The central theme of dowry had been previously explored in Telugu cinema, with films like Kanyasulkam (1955) and Varakatnam (1970). However, Subhalekha stood out for addressing this issue to a new generation of viewers in the 1980s. The film's characters, portrayed as everyday individuals rather than conventional cinematic heroes, added a layer of realism. Murthy's role as a waiter was unconventional for a male lead in that era, while Sujatha, the female protagonist, faces societal challenges while striving for independence.

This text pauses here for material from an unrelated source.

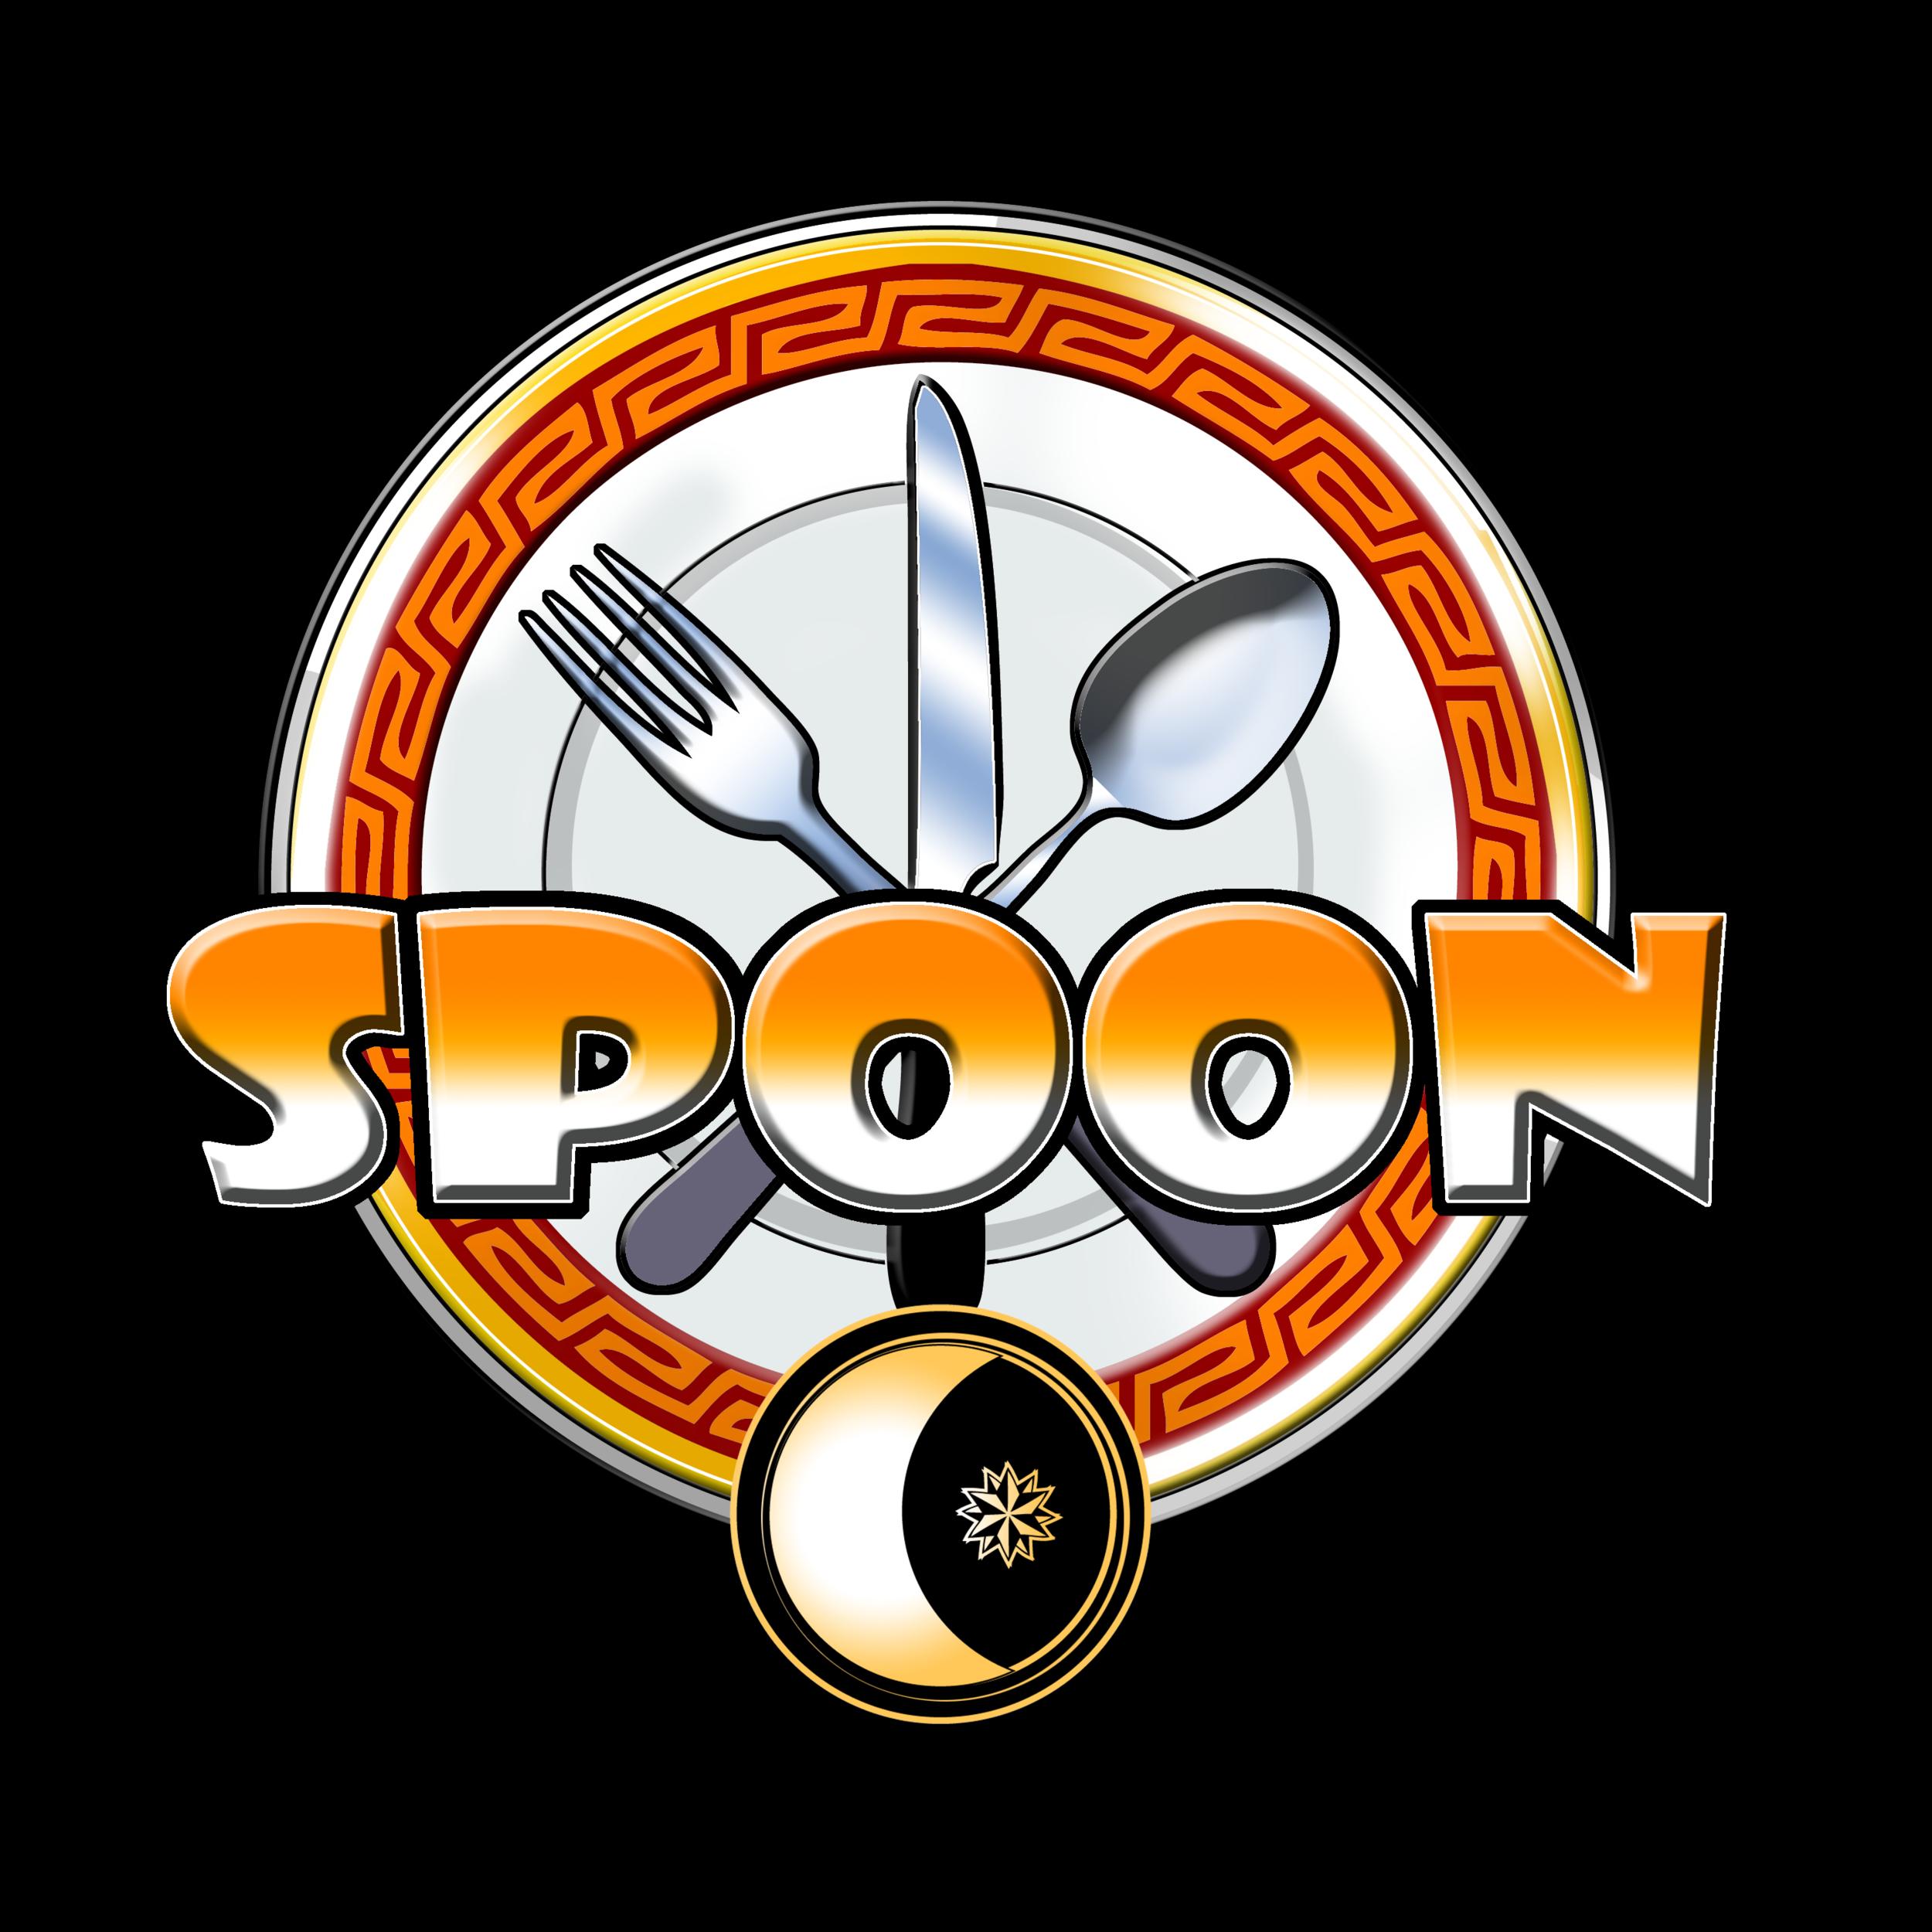 SPOON-LOGO.png

Viswanath's signature style, blending social commentary with humanistic narratives, is evident throughout Subhalekha. The film incorporates classical Carnatic music into key moments, contributing to its distinctive narrative style. Subhalekha also falls in line with Viswanath's broader body of work, in which male protagonists support female characters in gaining confidence and independence, reinforcing themes of mutual respect and equality in relationships.

==Music==

Music was composed by K. V. Mahadevan. The film features a mix of original compositions and classical songs. Songs like "Ragalapallakilo Koyilamma" and "Aithe... Ade Nijamaithe" were popular among the audience. The film also used traditional compositions, such as Annamacharya's "Neyyamulallo Nereello" and Tyagaraja's "Marugelara O Raghava".

Track listing
| No. | Title | Lyrics | Singer(s) | Length |
|---|---|---|---|---|
| 1. | "Ayithe" | Veturi | S. P. Balasubrahmanyam, S. P. Sailaja | 4:24 |
| 2. | "Vinnapaalu Vinavale Vintavintalu" | Annamayya | S. Janaki | 3:24 |
| 3. | "Neyyamulallo" | Annamayya | S. P. Balasubrahmanyam | 4:07 |
| 4. | "Raagala Pallakilo" | Veturi | S. P. Balasubrahmanyam, P. Susheela | 4:25 |
| 5. | "Nee Jada Kucchulu Naa Medakucchulu" | Veturi | S. P. Balasubrahmanyam, S. Janaki | 4:45 |
| 6. | "Oho Taddhimi Takajhanu" | Veturi | S. Janaki, Poornachander Rao | 4:19 |
| 7. | "Marugelaraa O Raaghavaa" | Tyagaraja | S. Janaki | 1:30 |
| Total length: |  |  |  | 24:04 |

== Reception ==
Subhalekha was well-received both commercially and critically. Chiranjeevi's performance was praised for balancing his dancing prowess with a grounded portrayal of Murthy. Sumalatha's performance as Sujatha showcased her maturity, despite being only 19 years old at the time. Tulasi, playing Sujatha's younger sister, was also commended for her lively performance.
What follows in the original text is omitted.